她可以看得出来,南安王今日是真的高兴,否则也不会喝成这样。
他已有醉意,却还不肯停下来。
“义父?”
白茵茵轻唤了一声,只听南安王胡乱地应了一声。
她轻挑柳眉,端着酒杯,也做出三分醉意来。
“义父,想到世子很快就能出狱,茵茵就替义父感到高兴!”她说着突然顿了顿,又道:“不过想想,太后倒也是个大义灭亲的正义之人,为了一个小小的国公之女,竟连自己的亲孙子都不管了。”
她嘟嘟囔囔地说着,这些话,无一遗漏,全都进了南安王的耳朵里。
似想到了什么,南安王脸上突然显出怒气!
他握着就被的手逐渐收紧,只听啪的一声,那烧瓷的小杯,竟被他生生握碎了!
“太后?是啊,她可是万人之上的太后娘娘啊!即便是折了鸿儿又怎么样,她不是还有几个孙子吗?那几个可都是真真的皇子,比我的鸿儿金贵着呢!”
他这话,着实僭越了。
不过好在歌舞丝竹之声很大,这些话便只有他二人能听见。
白茵茵听闻此言,心中微动,面上仍旧是一派醉意。
“难怪,我瞧着太后娘娘和陛下当真是亲密的很。不过义父不要多想,许是因为太后娘娘久居深宫,和陛下朝夕相对,故而亲近些吧。”
南安王哪里听得了这些话,恼道:“从小到大她都偏袒皇兄,对我却百般苛责!我不怪她!可是没想到,她当初竟然能那么狠心地将鸿儿送入天牢!”
一提到此事,南安王便觉堵在心头的那口怨气怎么都疏解不开。
白茵茵趁此机会上前去,在他耳边低声道:“其实我倒觉得,陛下过于优柔寡断,大周需要的,应当是一位果断利落的君王!”

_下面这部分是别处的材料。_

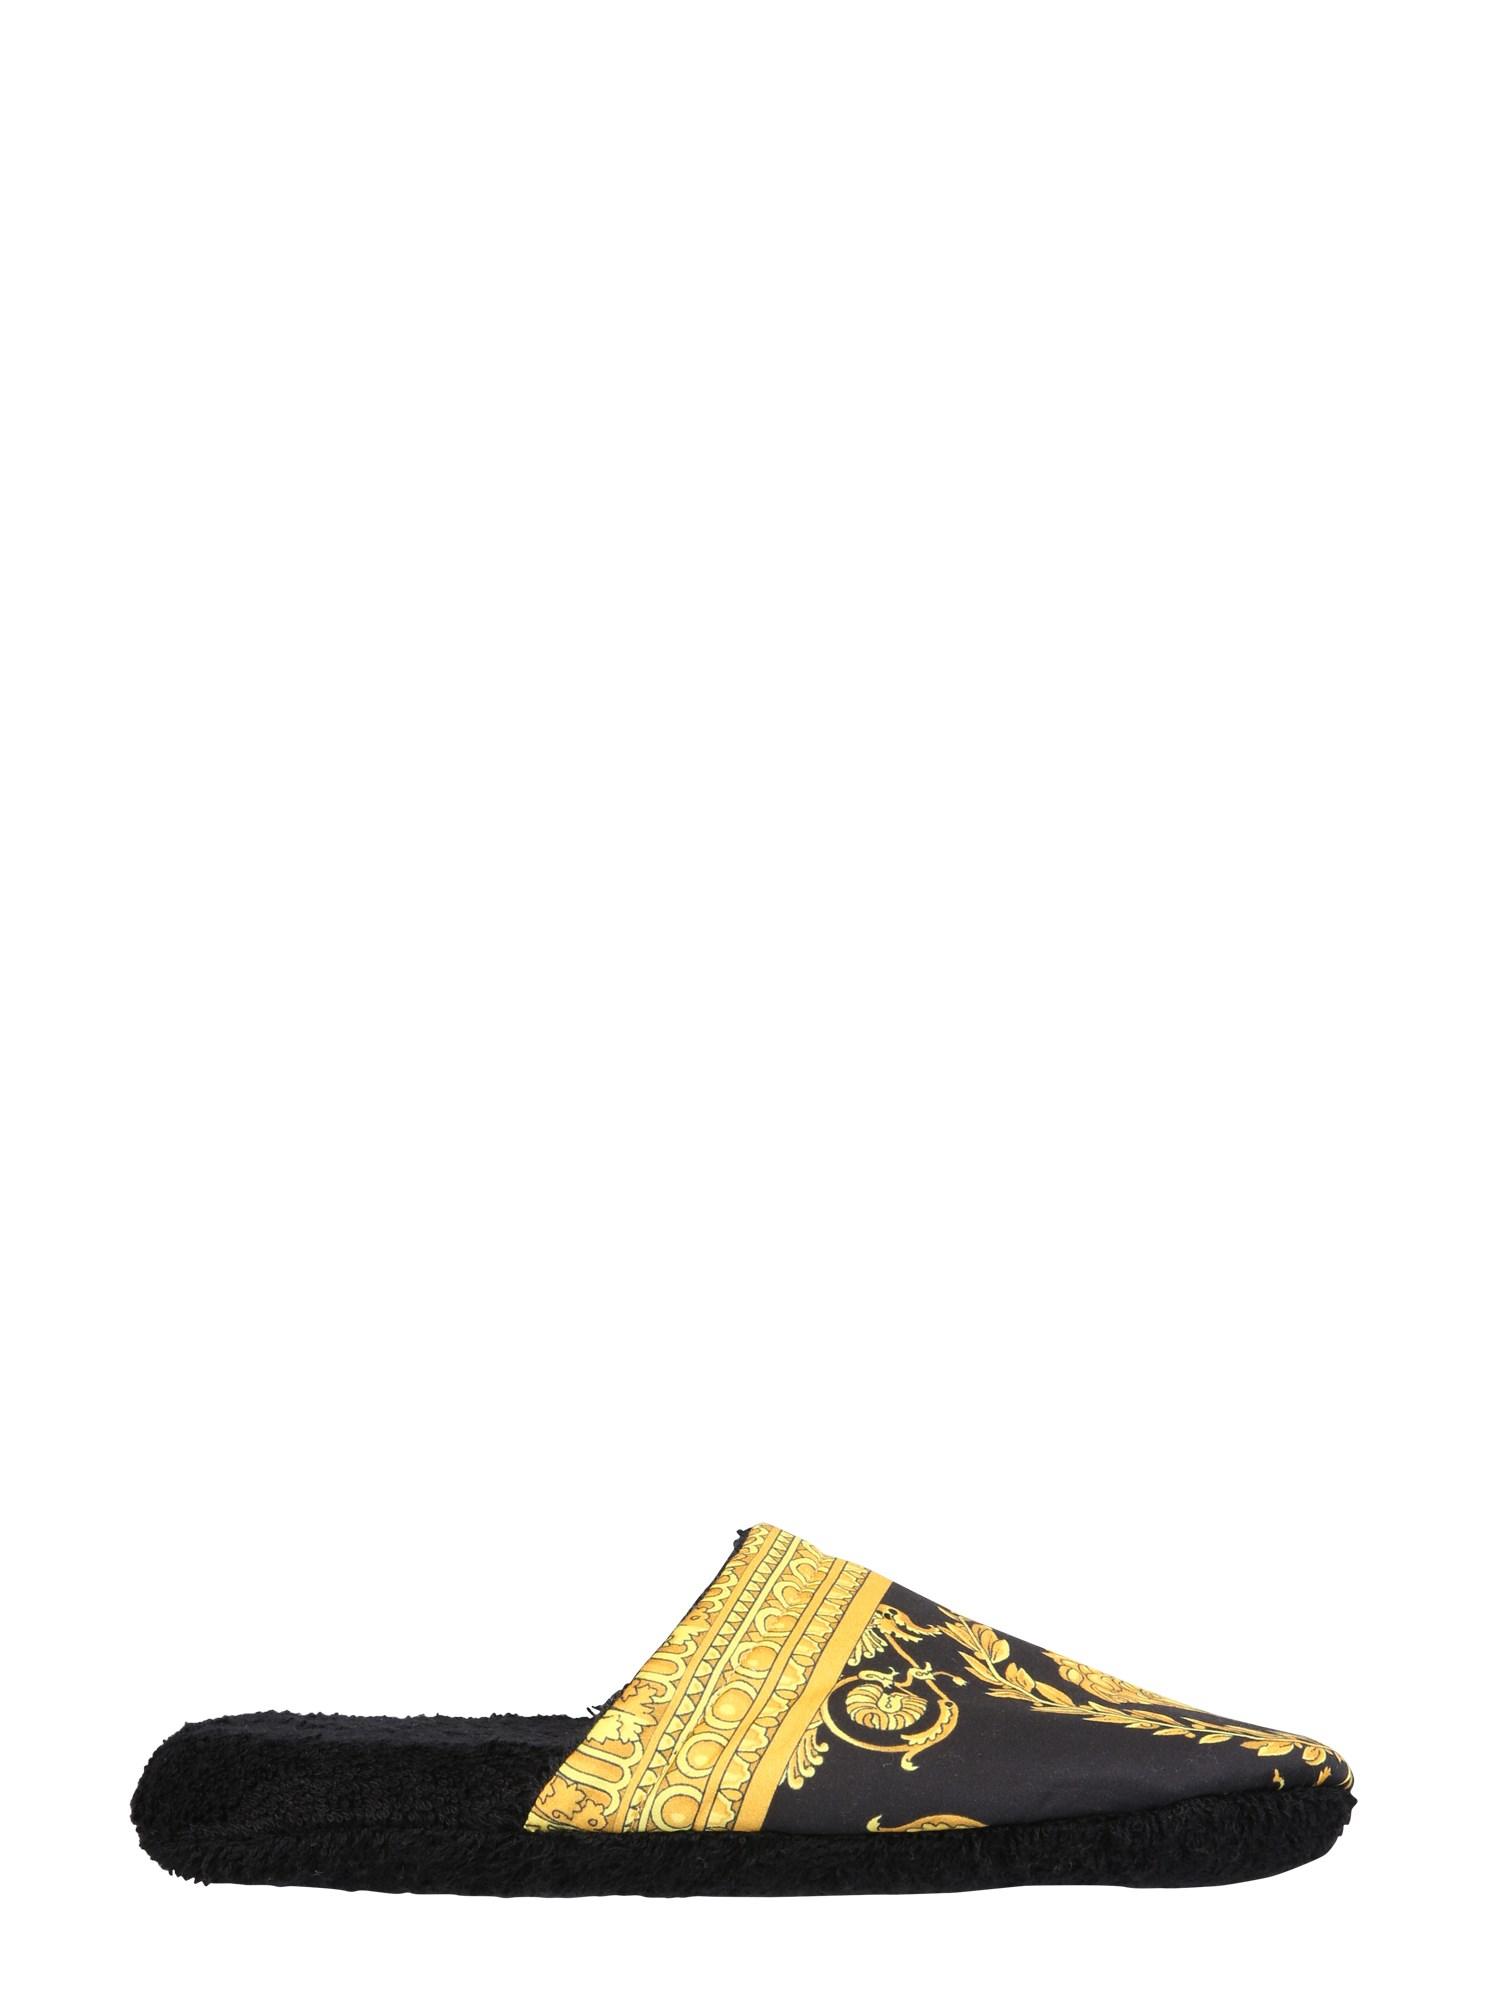 Versace cotton slippers - versace - Modalova
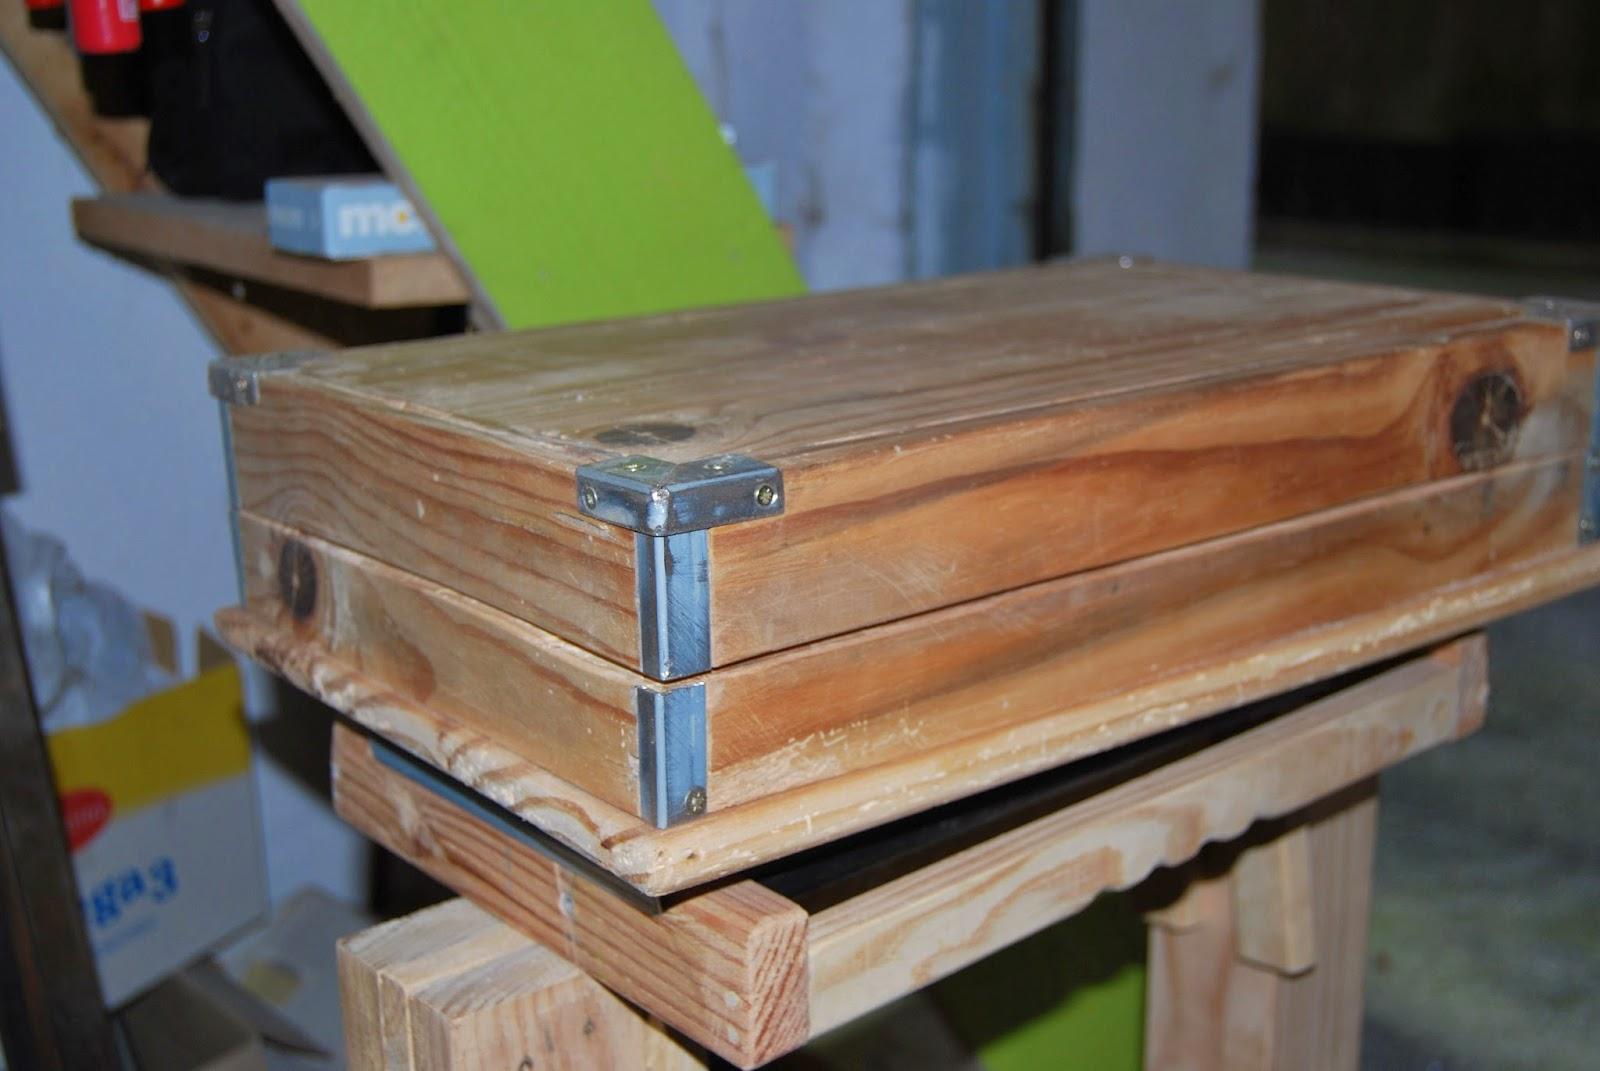 Como hacer caja de madera machiembrada con cantoneras recicladas.

南安王闻言犹如晴天霹雳一般,那些话就像是长了腿,直直地往他心上钻,挠的心痒难耐。
他红了眼睛,咬牙道:“对!我才是最适合接管大周之人。”
几乎是他话音落下的片刻,丝竹之声缓缓停止,厅内顿时陷入一片安静。
而他还沉浸在白茵茵的那句话中。
白茵茵挥了挥手,示意众人都下去。
人都退下后,白茵茵才道:“义父,我有一计,可助义父如愿以偿。”
南安王转过头来,直直地盯着她。
“先除太子,再杀凌王。大周后继无人,义父何愁大业不成?”
这一番话说的惊世骇俗,令人胆战心惊。
饶是南安王听了,都久久没有缓过神来。
白茵茵倒也没有逼迫他,只道:“茵茵今日醉了,说了些胡话,义父千万不要往心里去!”
她说完便起身行了一礼。
”茵茵不胜酒力,先行退下了,义父好生休息。“
待白茵茵离开之后,厅内又恢复了一片死寂。
方才的一切像是没有发生过一般,但是白茵茵的那句话,却像是在南安王的心里生了根。
……
宫中,红柳正在替静妃收拾遗物,突然见于嬷嬷来了,她心下慌张,只能强忍住迎上前去。
”不知嬷嬷前来,所为何事?“
于嬷嬷见她垂头的模样,道:“太后有旨,要见你。”
红柳闻言更是心慌,磕磕绊绊地问道:“嬷嬷可知道太后娘娘召奴婢所为何事?”
“这我哪里知道,快随我走吧,莫让太后娘娘等久了。”
红柳哎了一声,惴惴不安地跟着于嬷嬷走了。
永寿宫中,太后正坐在软榻前闭目养神,有宫女在下方轻轻拨弄着炭火。
整个宫内安静地可怕,这无形的压迫感让红柳险些喘不上气。
“娘娘,红柳带来了。”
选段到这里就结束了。